Disclaimer etc, see Chapter 1
NET KNOTS
Chapter 9
"He already knows about it." Sam replied soberly.
"And he was okay with it?" Dean enquired drolly.
"Hardly," Sam conceded, "but once I'd laid it on the line about the Men in Grey and unravelling sweaters he got the point. Especially when I asked him how effective did he think we'd be hunting down badass evil with mobility scooters and Zimmer frames?"
"Huh?"
"Twenty-five to life, Dean," Sam repeated. "If we got sent to San Quentin tomorrow, dad would be 75 when we got out, you'd be 52 and I'd be a sprightly 48-year-old. Not exactly the sort of Young Turks to cope with being regularly hurled into walls by desperate Shtrigas, or battered with household appliances by angry poltergeists."
"Nnh," Dean made the soft sound as he blew out a surprised breath, having never considered such ramifications, admitting, "Dad is a logical guy when he's not fixating on the obsession."
Sam nodded agreement. He had in fact said a great deal more to John Winchester that Dean would never know about when he was telling – not asking – their father about the website he was setting up. Way back at Stanford, another life ago, he had had an Ethics class based around a long ago court case in Africa, where a small plane had crashed on the central African plains and the injured crew had been killed by Pygmy Bushmen. Easily captured, the tiny warriors had freely admitted their guilt in court but, perhaps made uncomfortable by their resemblance to children, the Judge had shown leniency by commuting their execution by lethal injection to life imprisonment.

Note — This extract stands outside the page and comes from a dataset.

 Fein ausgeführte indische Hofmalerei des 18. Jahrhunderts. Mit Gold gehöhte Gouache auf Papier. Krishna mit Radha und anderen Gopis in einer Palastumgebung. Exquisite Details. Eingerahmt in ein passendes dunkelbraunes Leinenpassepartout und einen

Or so he had probably thought. Within a year, all the Pygmies had been dead. Not through illness or injury, murder or even suicide. Not for any identifiable reason. Their tiny bodies had simply stopped. The reason had been simple. They were a nomadic people of the great plains and open sky, they were of wild things; perpetual confinement in a six foot by nine foot concrete box had for them been the equivalent of literal torture and beatings. The Ethics professor's debate had been about how, because the trial judge had no understanding of their cultural norms or social mores, his fondly imagined 'clemency' had in fact been an act of cruelty far greater than the, on the surface, harsher penalty of execution.

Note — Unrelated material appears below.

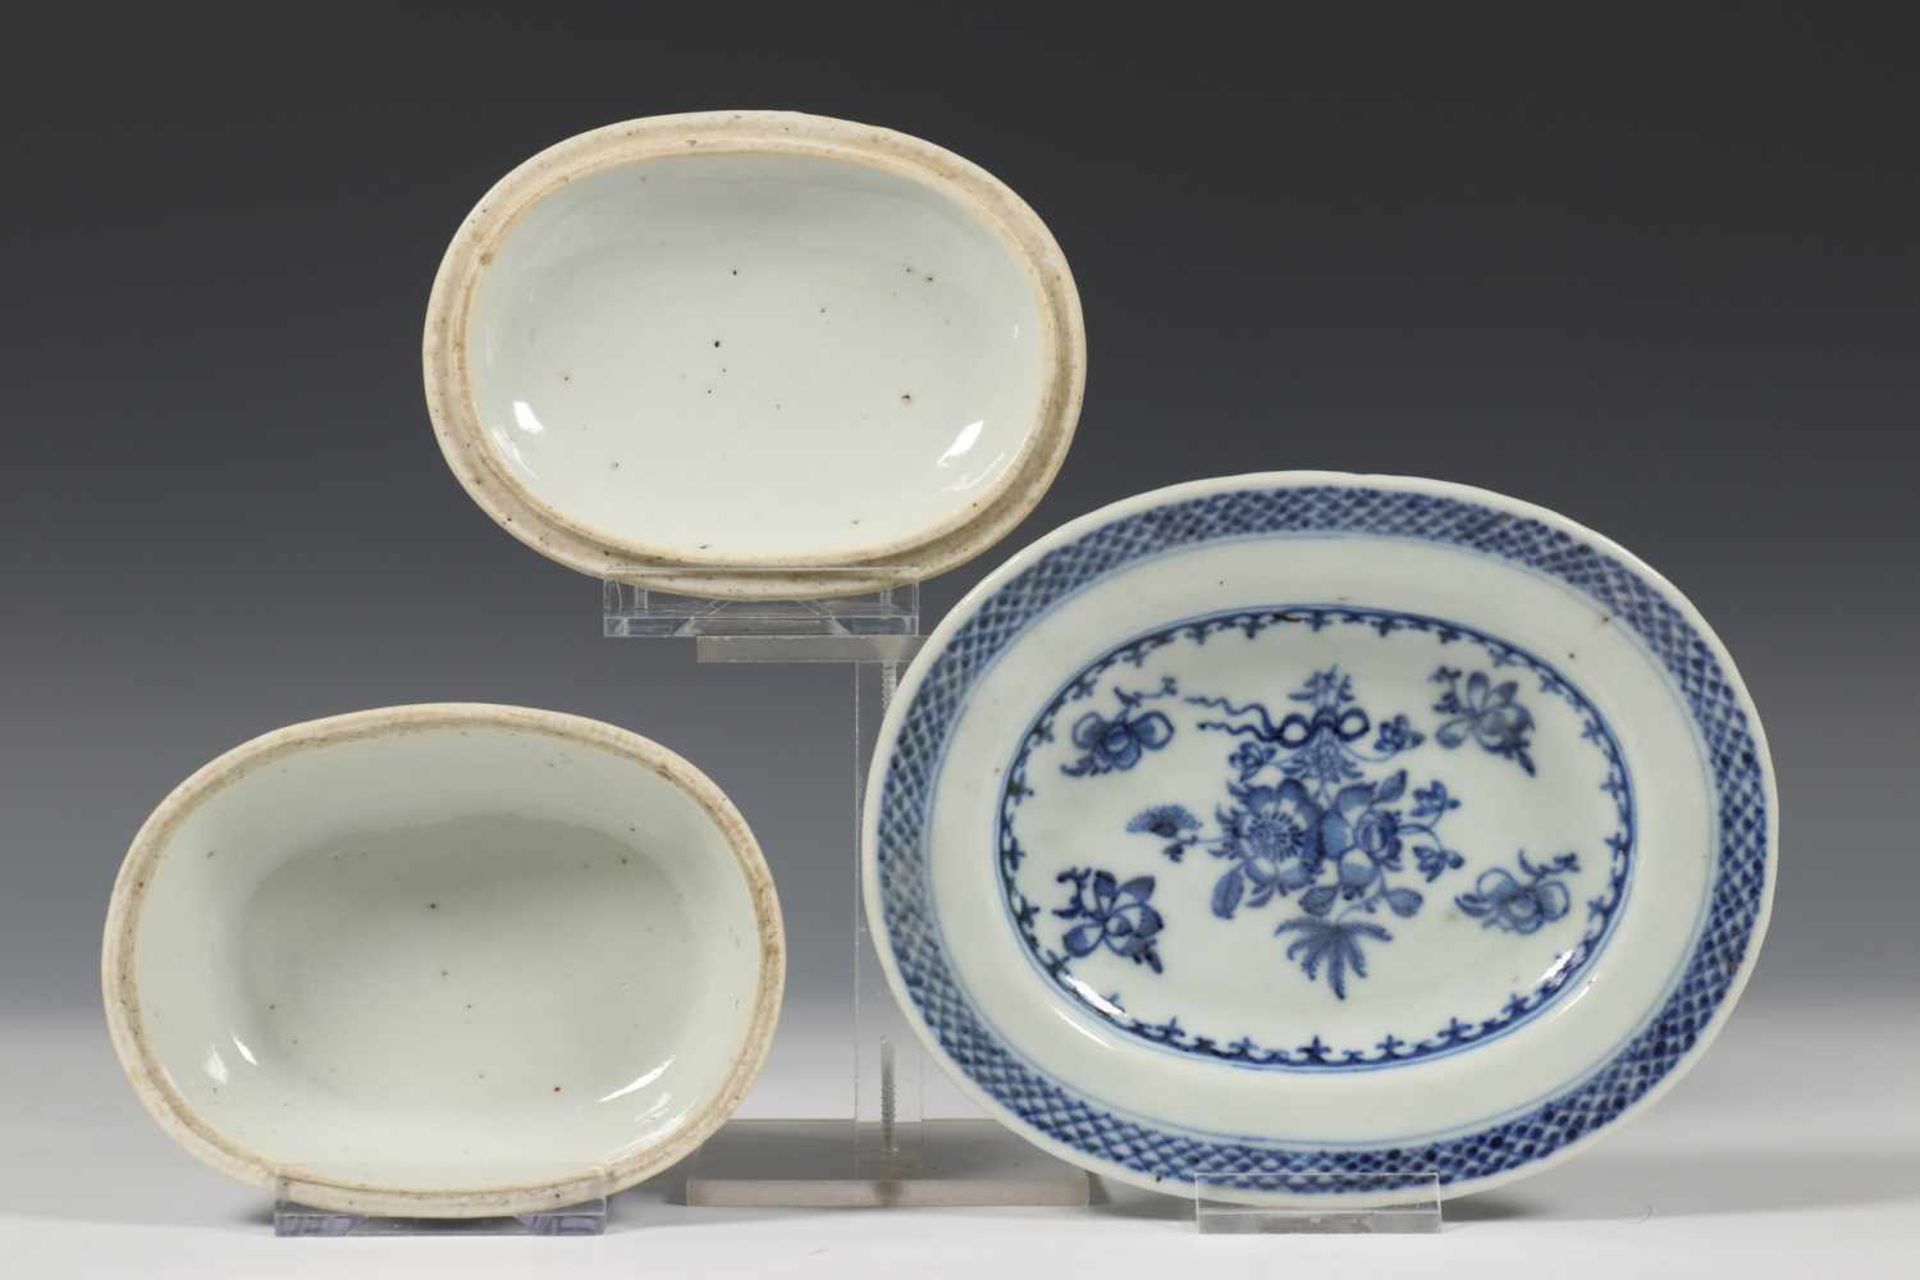 China, blauw-wit porseleinen botervloot, deksel en schotel, ca. 1800,gedecoreerd met bloemen , l. - Bild 2 aus 2

Sam had pointed out to his father that Dean was the same; imprisoned with Sam and John, or even more horrifically likely, far from Sam and John, Dean would be dead within a year, because he would just 'stop'. Sam knew his brother, and Dean was from wild things. He was an eagle, or a tiger. Put such in confinement, whether it be a literal prison of concrete and iron bars or a metaphorical gilded cage encrusted with glittering 'jewel-like' trappings, and it would just destroy everything that they were.

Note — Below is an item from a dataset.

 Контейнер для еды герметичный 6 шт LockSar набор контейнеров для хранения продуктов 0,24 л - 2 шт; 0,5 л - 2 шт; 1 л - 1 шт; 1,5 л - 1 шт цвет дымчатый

In hindsight Sam had realised that Dean's statement in Oasis Plains about blowing his brains out if faced with normality of 'white picket fence' and manicured lawns hadn't been condescending scorn or macho bravado, but a straightforward, self-understanding acknowledgement of fact. He wasn't unwilling but actually incapable of that sort of life, and unlike most people who didn't know their own mind about anything Dean had always been one of the most self-aware people Sam had ever met.
By that time he'd had John Winchester on board, if not happily, but to hammer the point home, he'd reminded their father of the hint the demon had taunted them with when it was possessing John himself, that it had plans for all the psychically gifted children like Sam. Then Sam had pointed out that by getting them put in prison, and furthermore by getting Sam separated from John and Dean, the demon would be assured of keeping one of its prize victims securely yet totally defencelessly in one place until it was ready, like a man keeping a jewel locked in a safe until he wanted it.